Fair Algorithms for Learning in Allocation Problems
Hadi Elzayn, Shahin Jabbari, Christopher Jung, Michael Kearns, Seth Neel, Aaron Roth, Zachary Schutzman
Settings such as lending and policing
can be modeled by a centralized agent allocating a scarce
resource (e.g. loans or police officers) amongst several groups,
in order to maximize some objective (e.g. loans given that are repaid, or
criminals that are apprehended).
Often in such problems fairness is also a concern. One natural
notion of fairness, based on general principles of equality of opportunity,
asks that conditional on an individual being a candidate for the
resource in question, the probability of actually receiving it is approximately independent
of the individual's group. For example, in lending this would mean that equally
creditworthy individuals in different racial groups have roughly equal chances of
receiving a loan. In policing it would mean that two individuals committing the same
crime in different districts would have roughly equal chances of being arrested.
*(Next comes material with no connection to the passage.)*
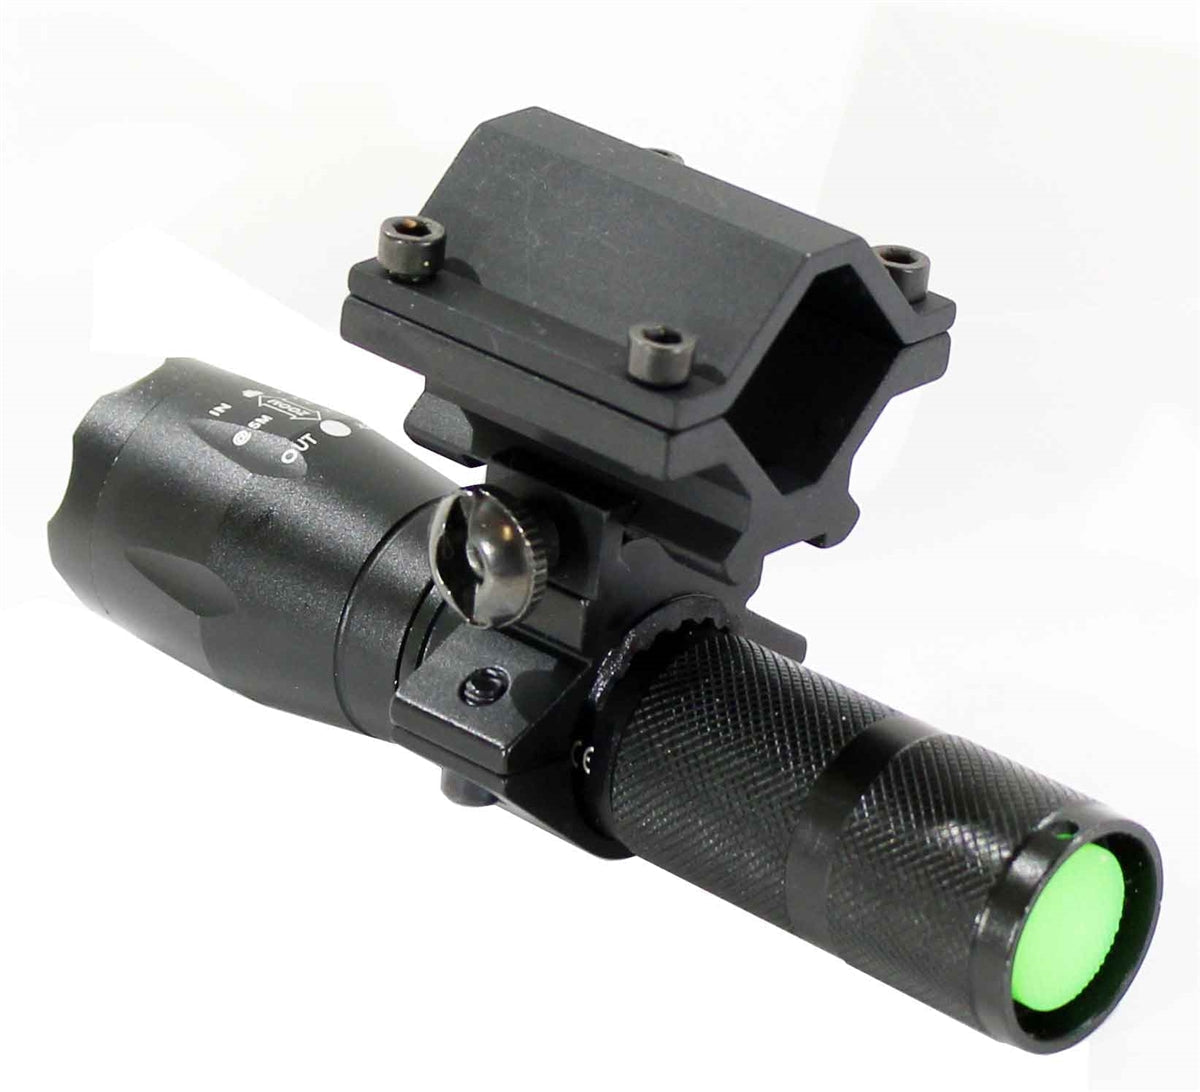 Tactical 1200 Lumen Flashlight With Mount Compatible With Stevens 320 20 Gauge Pumps.

In this paper we formalize this general notion of fairness for allocation problems,
and investigate its algorithmic consequences. Our main technical results
include an efficient learning algorithm that converges to an optimal fair allocation
even when the allocator does not know the frequency of candidates
(i.e. creditworthy individuals or criminals) in each group. This algorithm operates in a
censored feedback model in which only the number of candidates who received the resource in a
given allocation can be observed, rather than the true number of candidates in each group. This
models the fact that we do not learn the creditworthiness of individuals we do not give loans to,
and do not learn about crimes committed if the police presence in a district is low.
As an application of our framework and algorithm,
we consider the predictive policing problem, in which the resource being
allocated to each group is the number of police officers assigned to each district.
The learning algorithm is trained on arrest
data gathered from its own deployments on previous days,
resulting in a potential feedback loop that our algorithm provably overcomes.
In this case, the fairness constraint asks that
the probability that an individual who has committed a crime
is arrested should be independent of the district in which they live.
We empirically investigate the performance of our learning algorithm on the Philadelphia Crime Incidents dataset.